The government has a plan to tackle racial inequality while building a more inclusive society. But some are questioning how some of the unforetold consequences of the Equality Act can be reigned in.
Equality Act
Launching the new strategy last March, Minister of State for Equalities Kemi Badenoch told the Daily Mail that the answer to ethnic minority disadvantage is “not to get civil servants to read books on white privilege or worry about statues in Oxford colleges.”Brought in under the former Labour Party PM Gordon Brown, the Equality Act came into force in 2010, with the purpose to protect individuals from discrimination and promote a fair and more equal society.
Badenoch’s report said the government will now aim to strengthen the Equality Act’s independent regulator, the Equality and Human Rights Commission (EHRC), with statutory powers to “defend the right to equality” and “to continue to protect those most vulnerable from discrimination.”
The protected characteristics in the Equality Act are age, disability, gender reassignment, marriage or civil partnership (in employment only), pregnancy and maternity, race, religion or belief, sex, and sexual orientation.
‘Hierarchy of Inequality’
However, some have argued that protected characteristics create a hierarchy in which some types of offences against members of protected groups are deemed more offensive than others with none.A spokesperson for Don’t Divide Us, an organisation set up to counterbalance and take a stand against the UK’s “divisive obsession with people’s racial identity,” told The Epoch Times that the “biggest issue with the Equalities Act is that it creates a new hierarchy of inequality.”
Instead of revoking the Equality Act, the Conservatives should amend it, he said.

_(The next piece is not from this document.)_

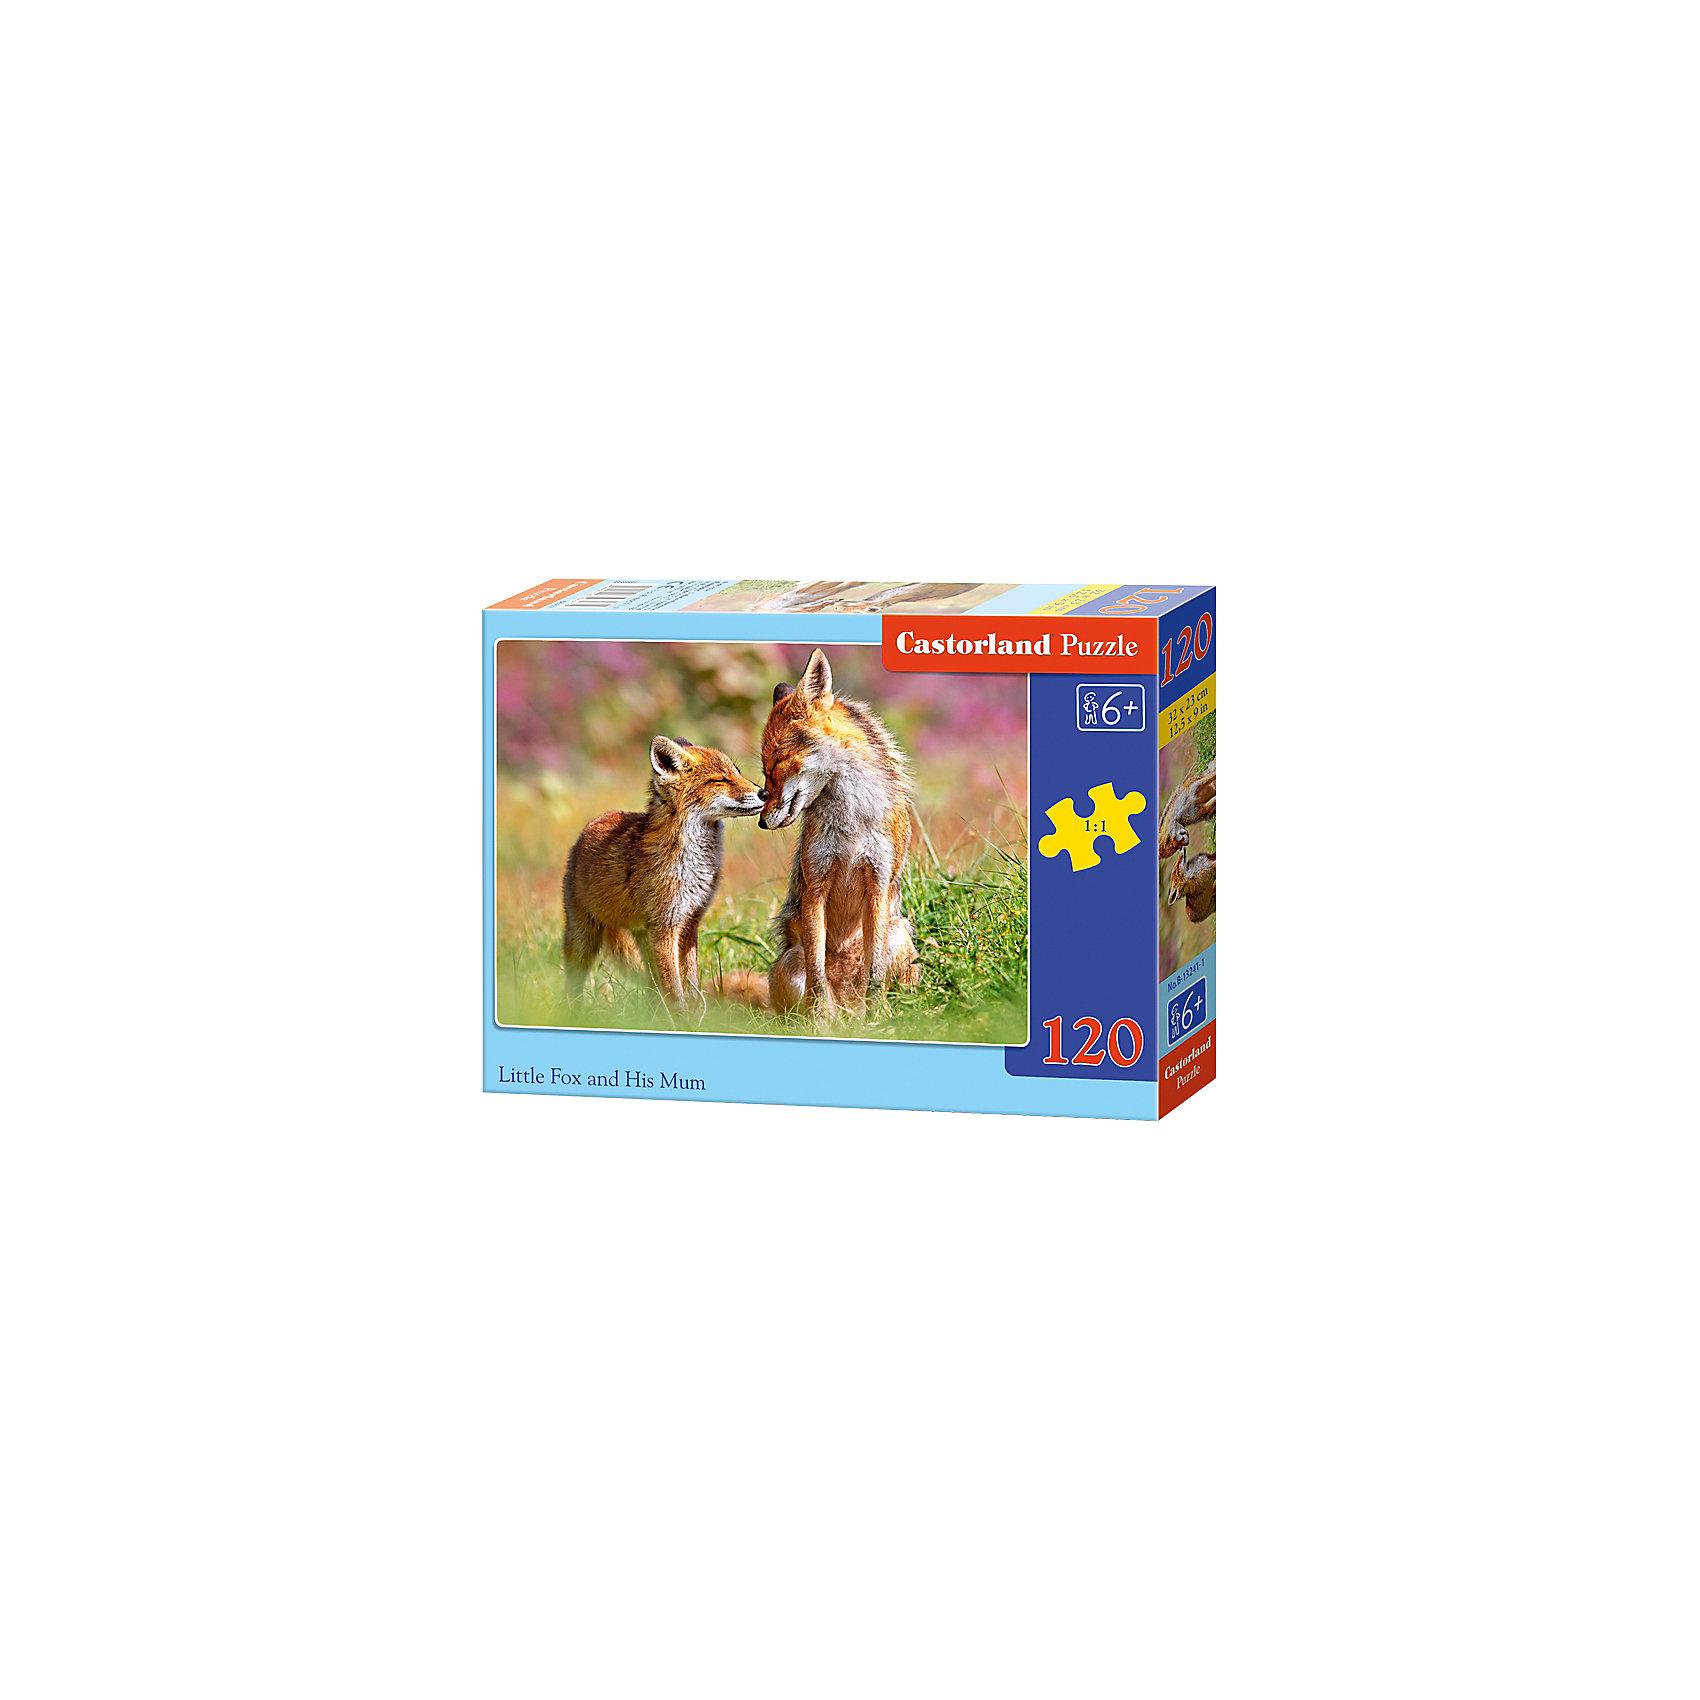 Пазл Castorland Лисы, 120 деталейПазлы для детей постарше<br>Характеристики:<br><br>• возраст: от 6 лет<br>• количество деталей: 120 шт.<br>• размер собранного пазла: 32х23 см.<br>• материал: картон<br>• упаковка: картонная коробка<br>• размер упаковки: 17,5x3,7x13 см.<br>• вес: 300 гр.<br>• страна обладатель бренда: Польша<br><br>Пазл «Лисы» от Castorland (Касторленд) отличается высоким качеством, высоким уровнем полиграфии, насыщенными цветами и идеальной стыковкой элементов. Из 120 элементов пазла ребенок соберет красочную картинку с изображением двух лисиц.<br><br>Пазл Лисы, 120 деталей, Castorland (Касторленд) можно купить в нашем интернет-магазине.<br><br>Ширина мм: 175<br>Глубина мм: 130<br>Высота мм: 37<br>Вес г: 300<br>Возраст от месяцев: 72<br>Возраст до месяцев: 2147483647<br>Пол: Унисекс<br>Возраст: Детский<br>SKU: 6725097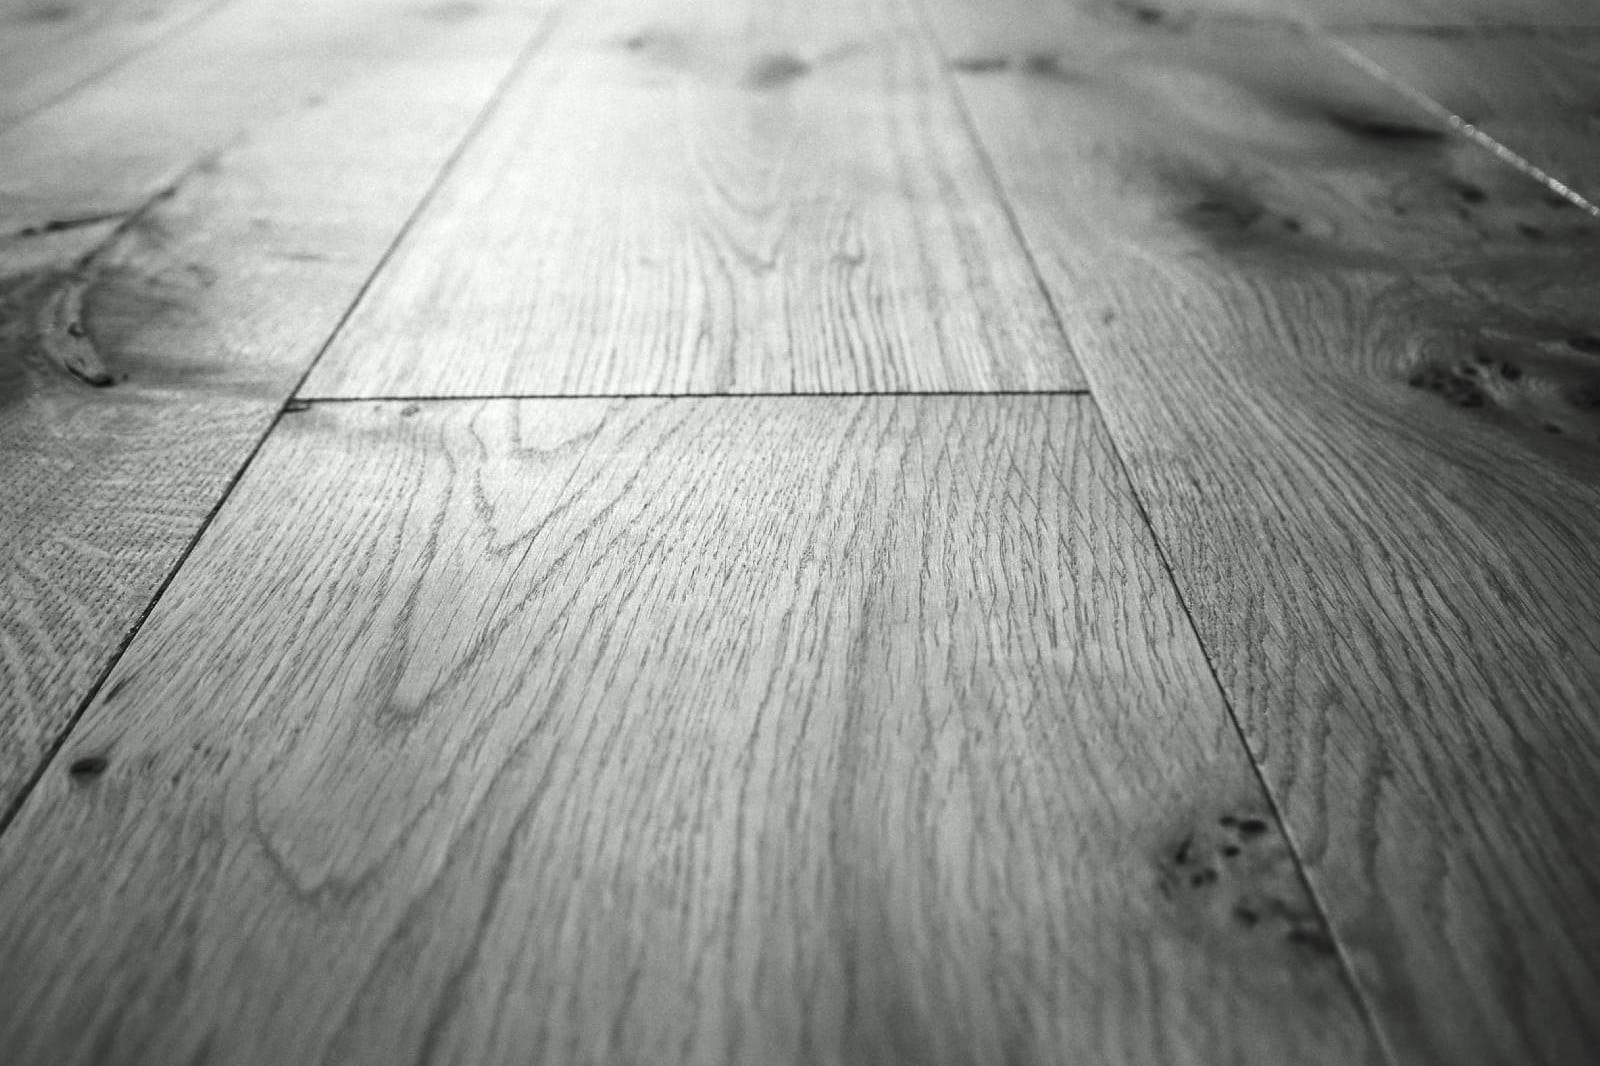 eichenholz preise cool esstisch goliath x eiche gelt with eichenholz preise finest eiche bild. Black Bedroom Furniture Sets. Home Design Ideas

For example, part 11 of the Act contains clause Section 149 which introduced a “public sector equality duty.”
“This obliged public bodies to “encourage persons who share a relevant protected characteristic to participate in public life or in any other activity in which participation by such persons is disproportionately low,” he wrote.
Cultural Forces and Pressures
Professor Frank Furedi, emeritus professor of Sociology at the University of Kent, told The Epoch Times that he believed there were “two obstacles to really changing the political landscape in relation” to the issues of the Equalities Act.The prolific author and Spiked columnist said that “the judiciary and various institutions that are involved in this are heavily invested in promoting the ideological underpinnings of diversity and what’s behind it.”
“Every time the Government tries to do something it finds that its decisions are in practice are thwarted by the people that are involved in managing this, also there are very strong cultural pressures that promote the Equalities Act and its various manifestations, therefore it cannot be contained simply by passing a law because that assumes that these cultural forces and pressures are somehow going to go away,” he said.
Furedi said that the key battle at the moment is “a war against the past and the attempt to detach society from its legacy and tradition.”
The author added that he thinks this will the frontier of which a “lot of battles will be fought in the next couple of years.”
“At the moment there are people who are aware of this around different parties but the mainstream of the parties is pretty bad on these issues or even when they recognize the problem don’t really understand the significance of what’s going on here,” he added.